Segment Start: DATASET SECTION
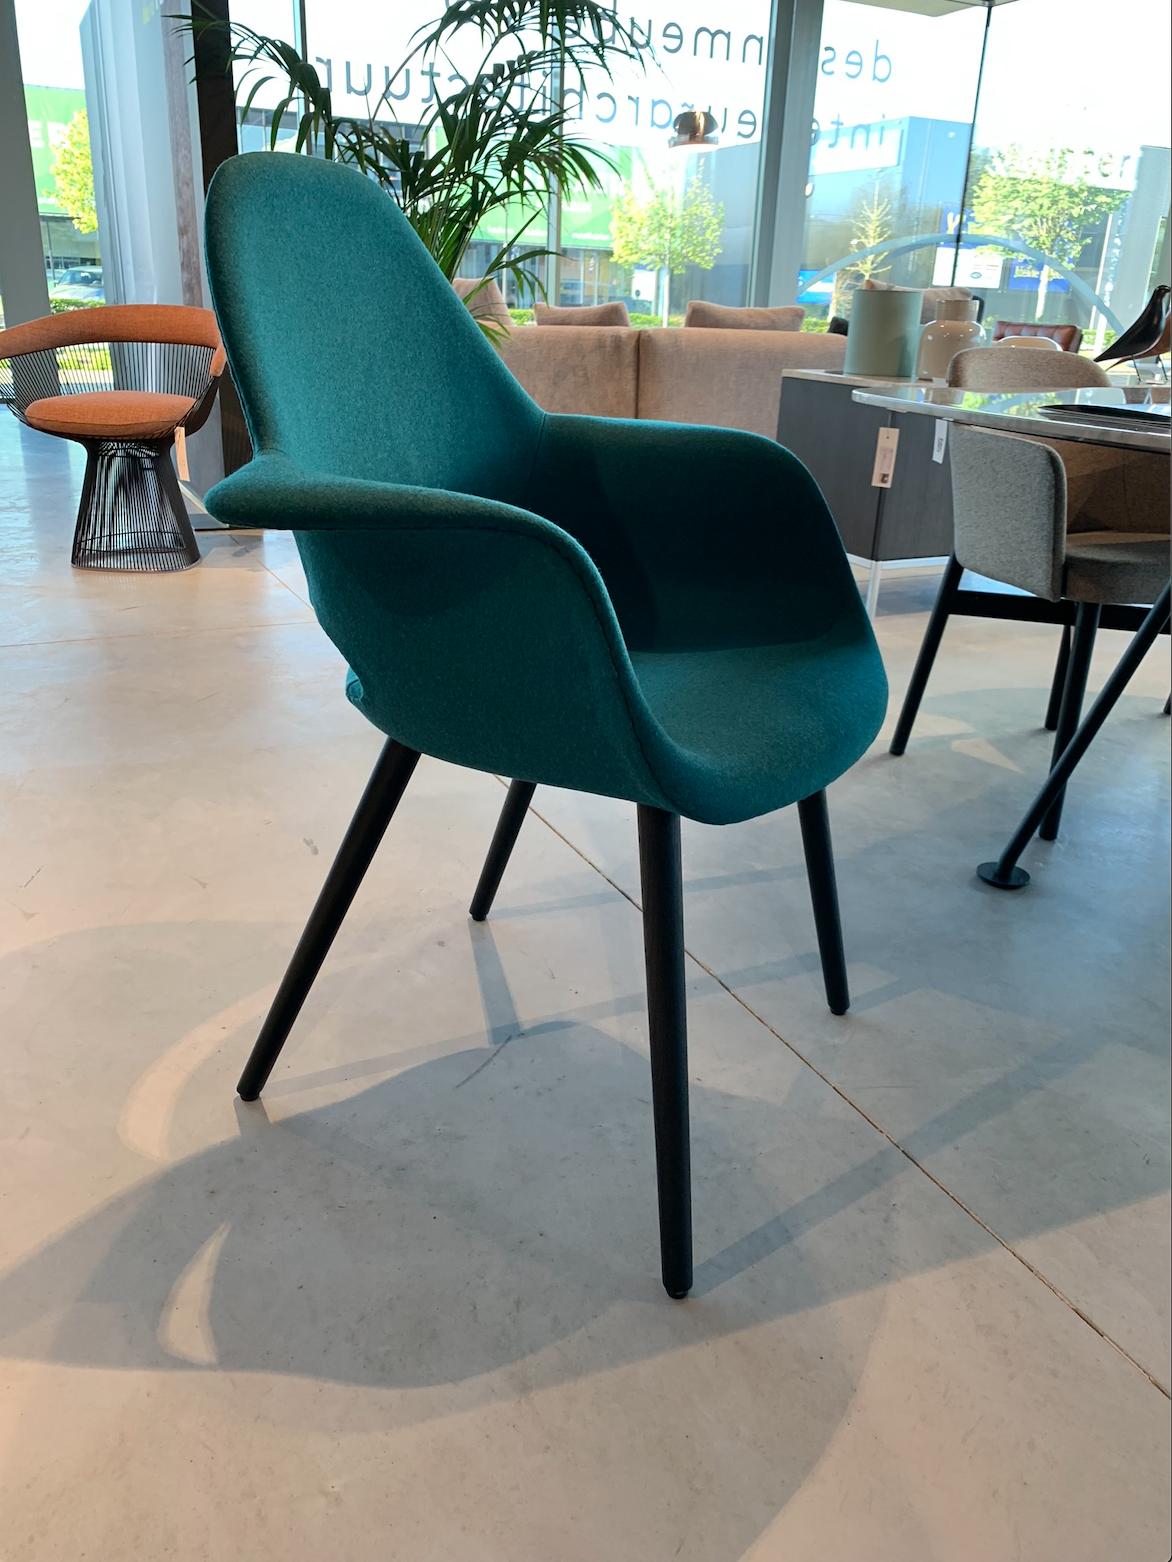 Organic Chair Vitra Hasselt Loncin interieur en design meubelwinkel vitra verdeler dealer Eames Saarinen.png
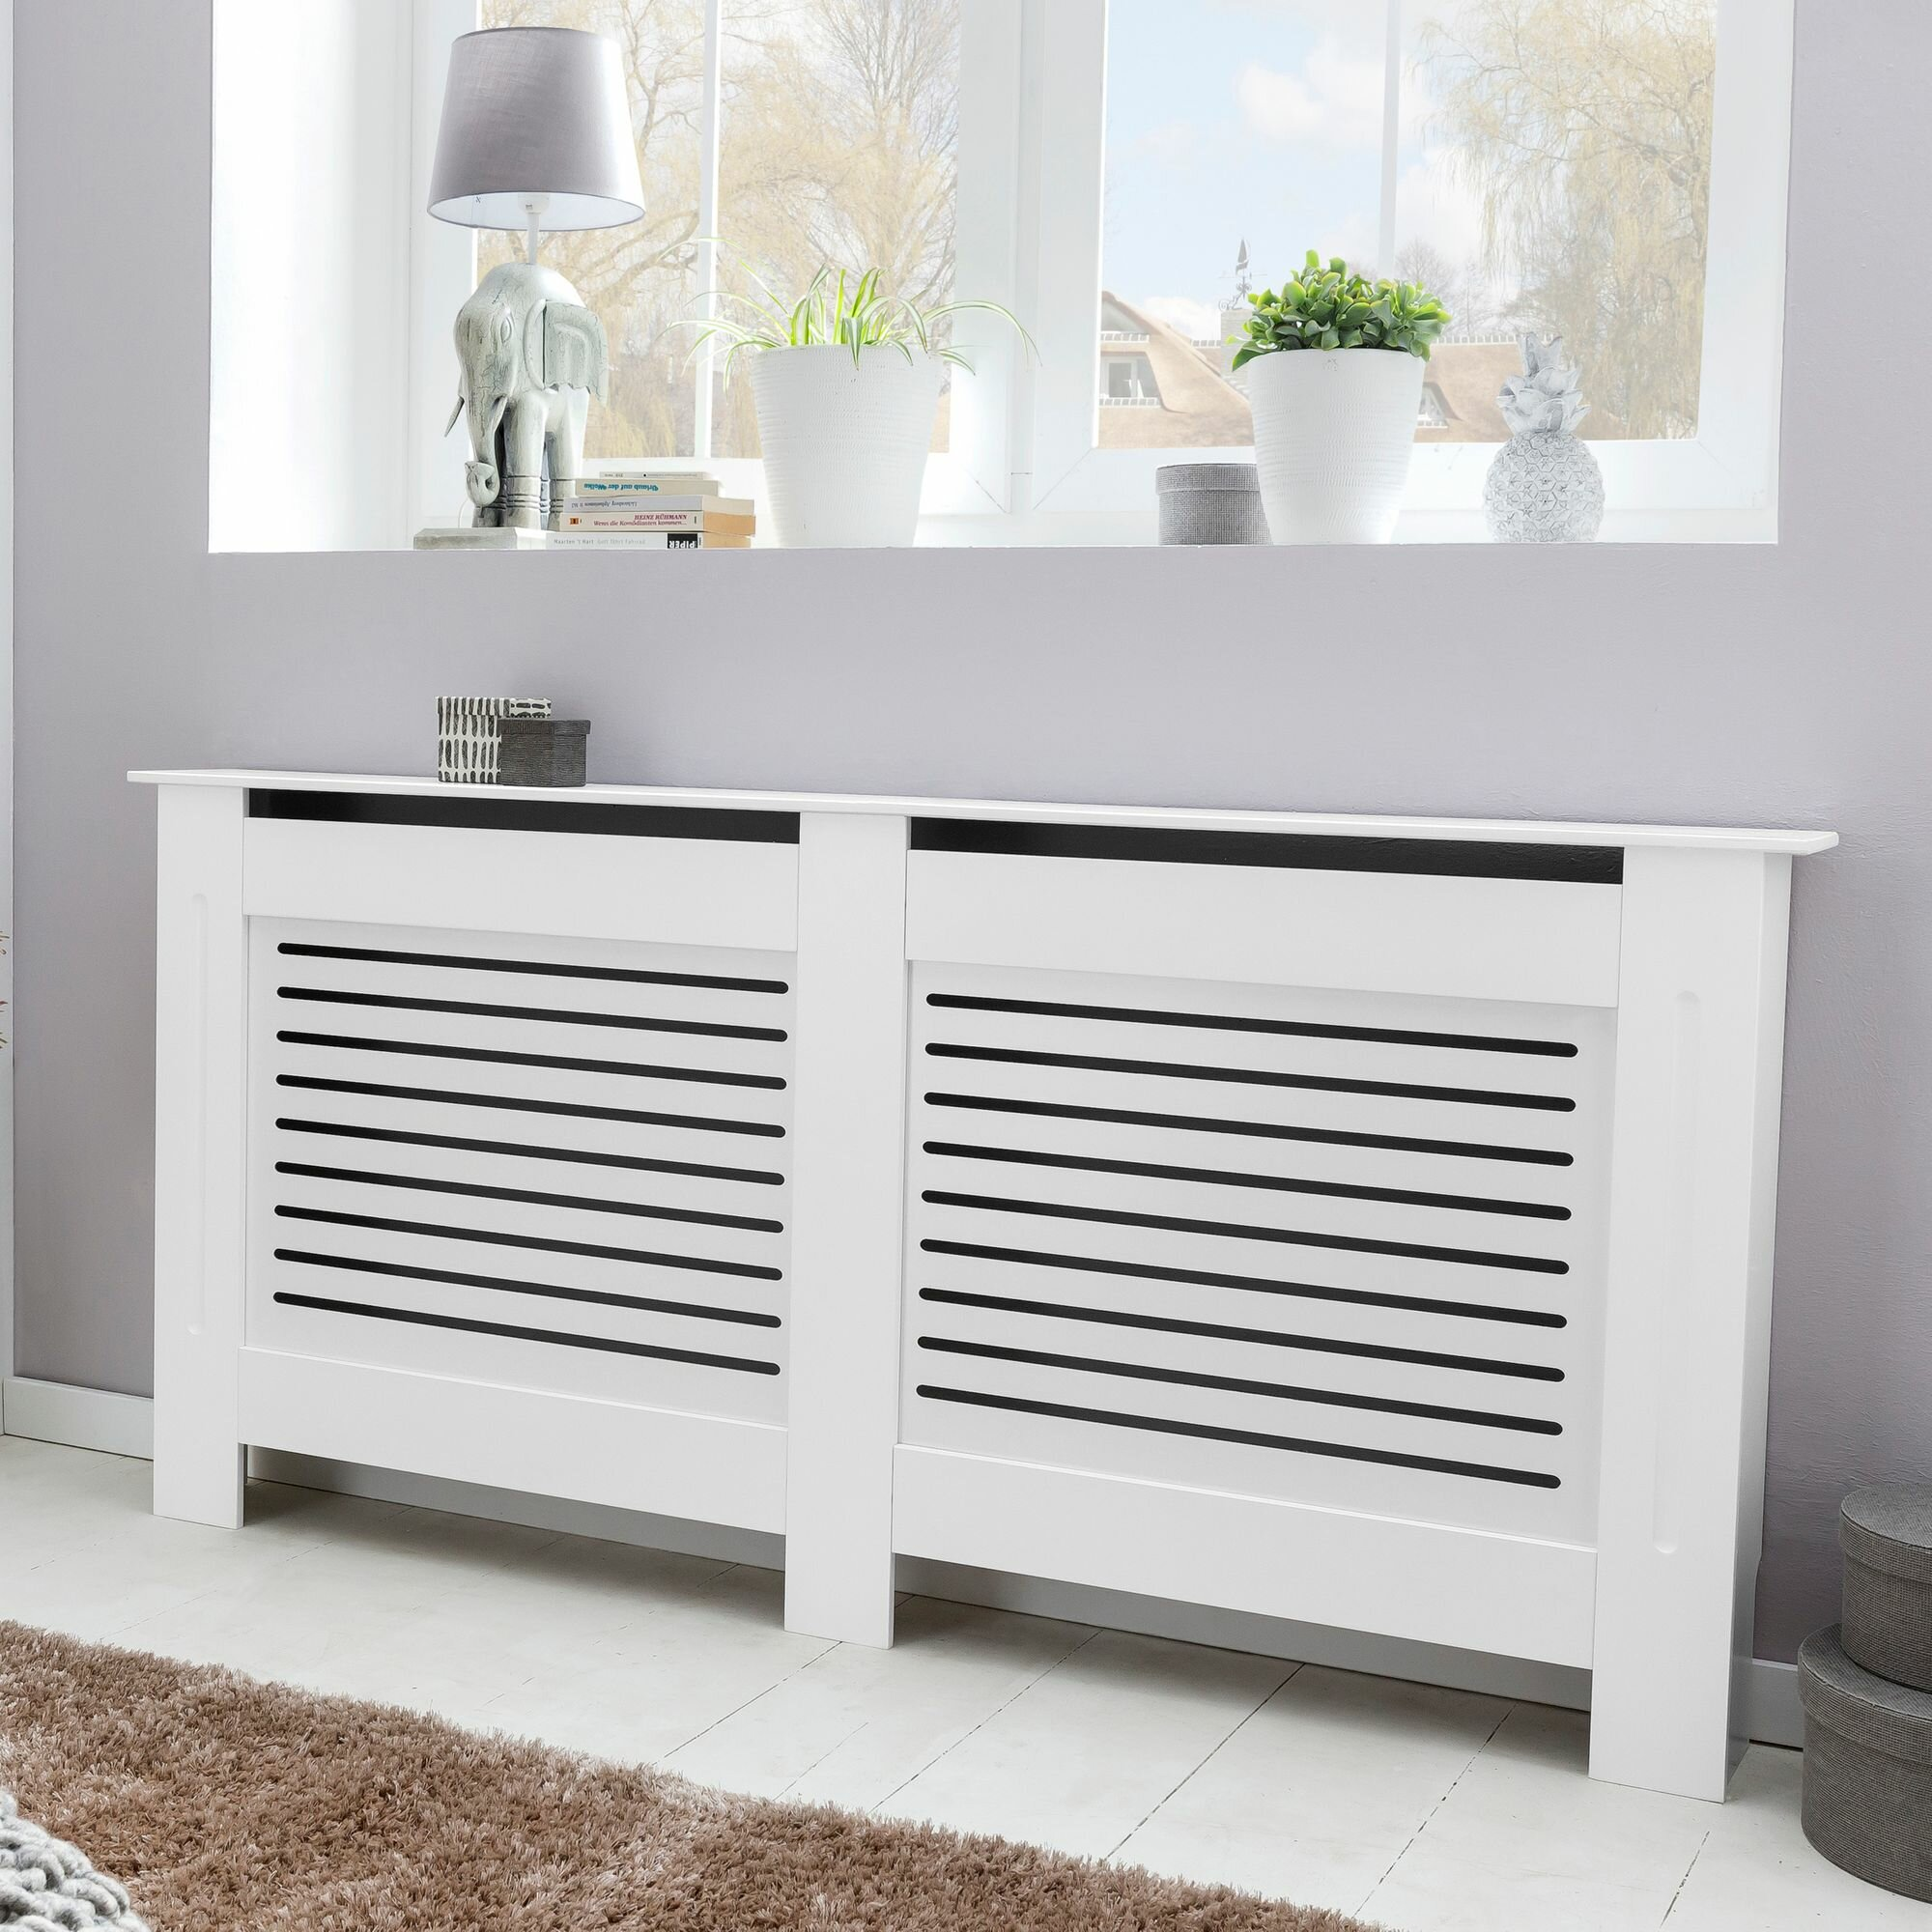 Belfry Heating Janette Medium Radiator Cover | Wayfair.co.uk
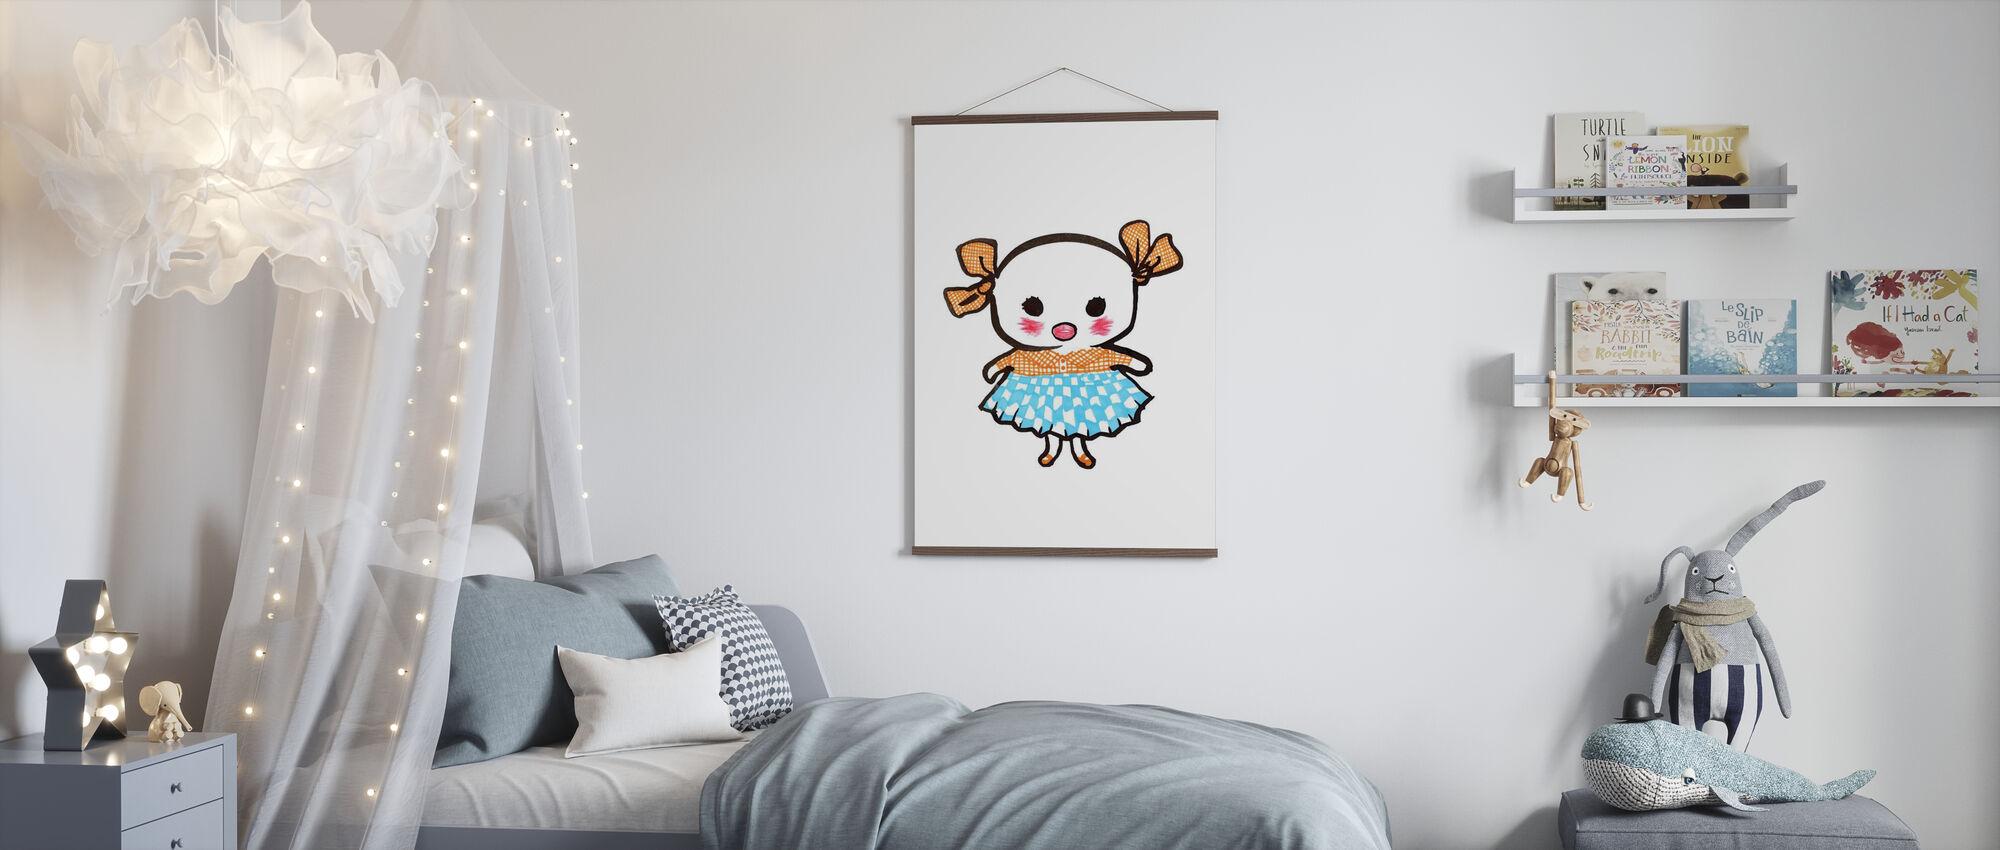 Lill-Stina - Poster - Kids Room
Segment End: DATASET SECTION
■ **WHAT TO PRODUCE**
"Belfry Heating Janette" marks the first line to be returned; return exactly that line and every line after it through the last line of the listing, omitting pictures.

■ **EXERCISE RESULT**
 Belfry Heating Janette Medium Radiator Cover | Wayfair.co.uk
 Lill-Stina - Poster - Kids Room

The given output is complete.